Copyright British Museum PAS-8709C3
At different times in her life, Saint Bathilde was a slave, a queen and an abbess; and there’s a chance that she may have come from Postwick. Mooring at Postwick Wharf, we walked to the village to see what we could find of 7th Century community.
First stop was the church. Had we consulted the Exploring Norfolk Churches entry we might have known the church was only open on Fridays.
A quick tour around the outside, taking in doorways and windows, confirmed the earliest parts of the building dated back to 13th C, like the entry said. The beautifully worked flint quoins, suggested they and the walls might have been older. There was certainly nothing that gave us any clues about the place Bathilde might have known.
What wowed us, however, was the place of the church in the landscape! We had caught a glimpse of the 14th C tower as we had come down river. Today it is all but lost amid the trees growing around the church.

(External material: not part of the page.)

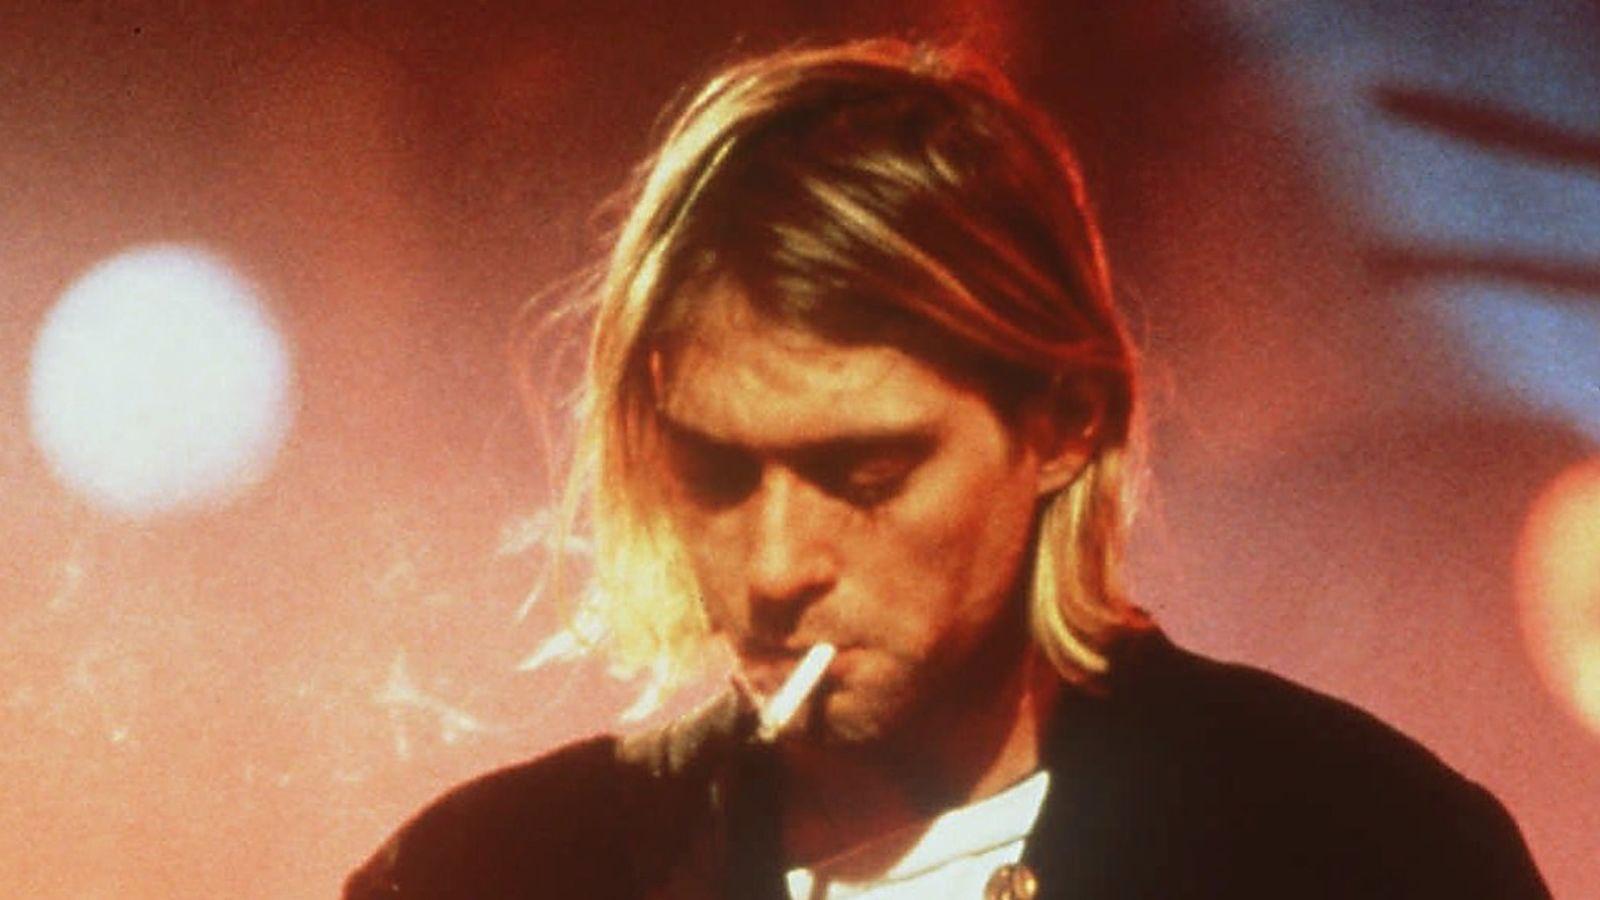 Happy birthday to the legend himself, Kurt Cobain!

One imagines that back then, they would have cleared the trees away and it would be clearly visible high on a hill, rising steeply from the marshes below. The view looking up from the hollow way of Leeder Hill, gives a hint of how impressive it would have have appeared!
There is a church recorded in Postwick in the Domesday Book. Was it on the same site? one wonders. But the arresting position of the church, overlooking the marsh and river below, had been a constant over Postwick’s long history. The site may been holy place, possibly a place of burial, from a time before the Christian Conversion. In which case, the All Saint’s dedication would have given it an autumn equinox annual festival. That is the time of year when, in the old religion, Balder went down to the underworld and, while the gates were open, you could communicate with the dead.
Surprisingly, there’s a Roman connection here, as with so much on the Norfolk Saints’ Way. Pope Gregory’s 597 Letter to Melletus sets out a policy of replacing pagan festivals with Christian equivalents and re-badging (the word christening is appropriate) pagan places of worship as Christian Churches.
It is of interest to note the continuing power of the old religion, reflected in the strange things that still happen on All Hallowes’ Eve; and the contemporary Christian response to replace them with an appropriate alternative with such initiatives as Light Parties.